The Consumer Financial Protection Bureau recently released its proposal, which would eliminate class action bans in consumer financial contracts. This would empower consumers by giving them access to the court system to seek relief when they have been victimized by a financial practice.
You may have not even been aware of the clauses in contracts that can be hard to find in all the fine print. But often, whether you’re signing on for a credit card, payday loan or student loan, you give up the right to participate in a group lawsuit if a company breaks the law or otherwise harms you.
"The use of binding, mandatory arbitration in consumer financial contracts is widespread. These clauses require individuals harmed by companies’ practices to bring their case to arbitration forums that heavily favor the banks, credit card companies and other lenders," says Lisa Stifler, policy counsel for the Center for Responsible Lending. The clauses also ensure that groups of consumers harmed by the exact same practice are unable to make their case collectively because they prohibit the use of class action arbitration.

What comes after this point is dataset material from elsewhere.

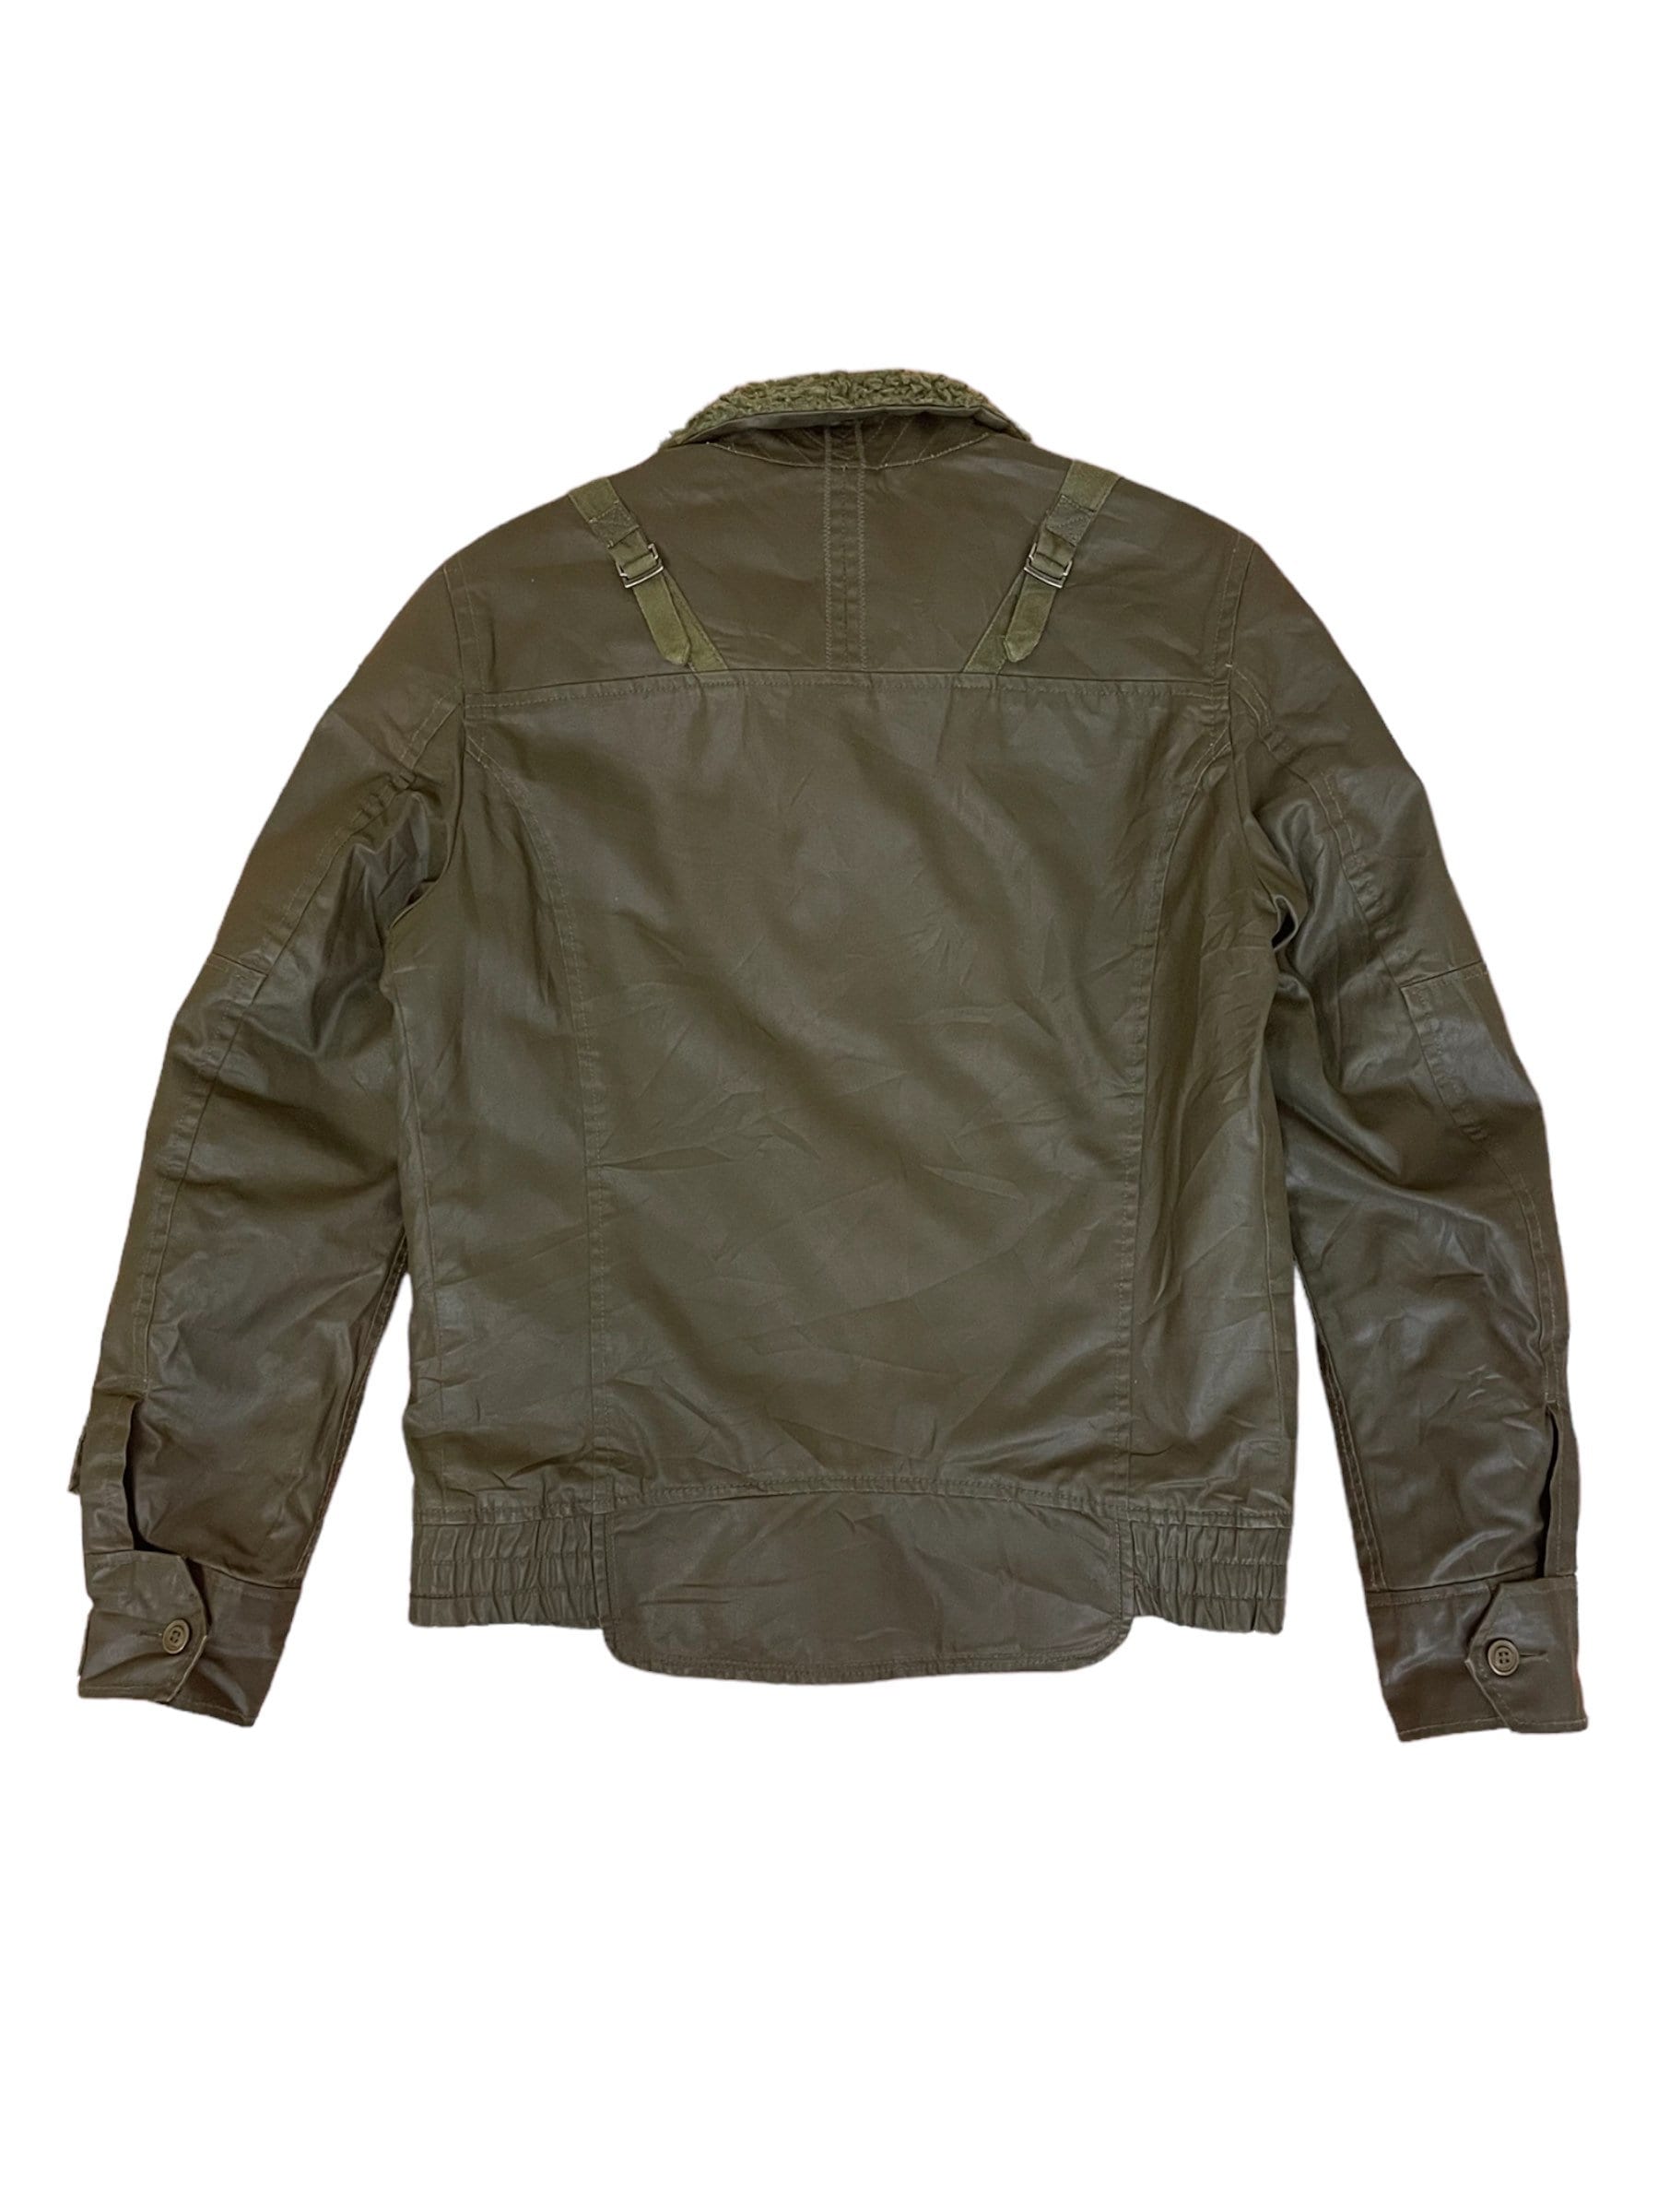 Rare Diesel Jacket Milytary Style Jacket Winter Jacket Multiple Pocket  Activewear Streetwear -  Canada

"Aggrieved individuals should have the right to make their case before an impartial judge and many times, doing so as a group of harmed consumers is the most effective way to obtain relief and hold bad actors accountable for unfair practices. The CFPB proposal is a helpful step in making sure the consumers can have their case heard by an impartial judge and bringing accountability to consumer financial services," says Stifler.
Consumer advocates see much promise in the proposal. "Companies used forced arbitration clauses with embedded bans on class action lawsuits to avoid complying with the law and then to avoid legal action by victimized consumers. The banks will whine because they’ve gotten used to their ‘Get Out of Jail Free’ card. If companies face lawsuits for cheating customers, they will clean up their acts. There won’t be a ton of new lawsuits, because if companies know that cheating no longer pays off," says Ed Mierzwinki, consumer program director for U.S. PIRG.
Much is at stake for financial companies, anticipate much noise from their quarters. "I would expect financial firms to lobby hard against this proposal," predicts Edgar Dworsky, founder of ConsumerWorld.org.
A good beginning
While the proposal, if finalized as written, should make a significant difference going forward, it will not affect financial services contracts already in the market, explains Stifler.
Furthermore, the proposal doesn’t address mandatory, binding arbitration for individual claims. "As studies have shown, the forums heavily favor the companies and may not be impartial. To be a true alternative forum for resolving disputes, more fairness and transparency should be brought to the process, which the CFPB should address in its final rule," she says.
Matthew Kreitzer, a creditor’s rights attorney weighs in. "This regulation is more likely to harm consumers, as opposed to having a positive impact. All this regulation is doing is increasing the cost of doing business for credit companies which is likely to be passed onto the end consumers."
He contends that credit companies will have to initiate bringing on new staff, revise contracts and agreements. "This may drive up interest rates or create new attempts by creditors to limit credit acquisition through policies related to principal floors (bare minimums) for qualifying candidates."
Due to the increased cost of doing business, he believes many small credit shops that serve rural areas will close their doors. "Many local creditors aren’t operating in the black and a surge in administrative costs could reduce the market. Although the intention is to impact large credit companies, it is more likely to make them more prevalent in rural areas, and the terms will not be as competitive," says Kreitzer.
Who knows what the final proposal will look like, but for now, says Dworsky, "This is a great move by the CFPB to prevent companies from taking unfair advantage of consumers."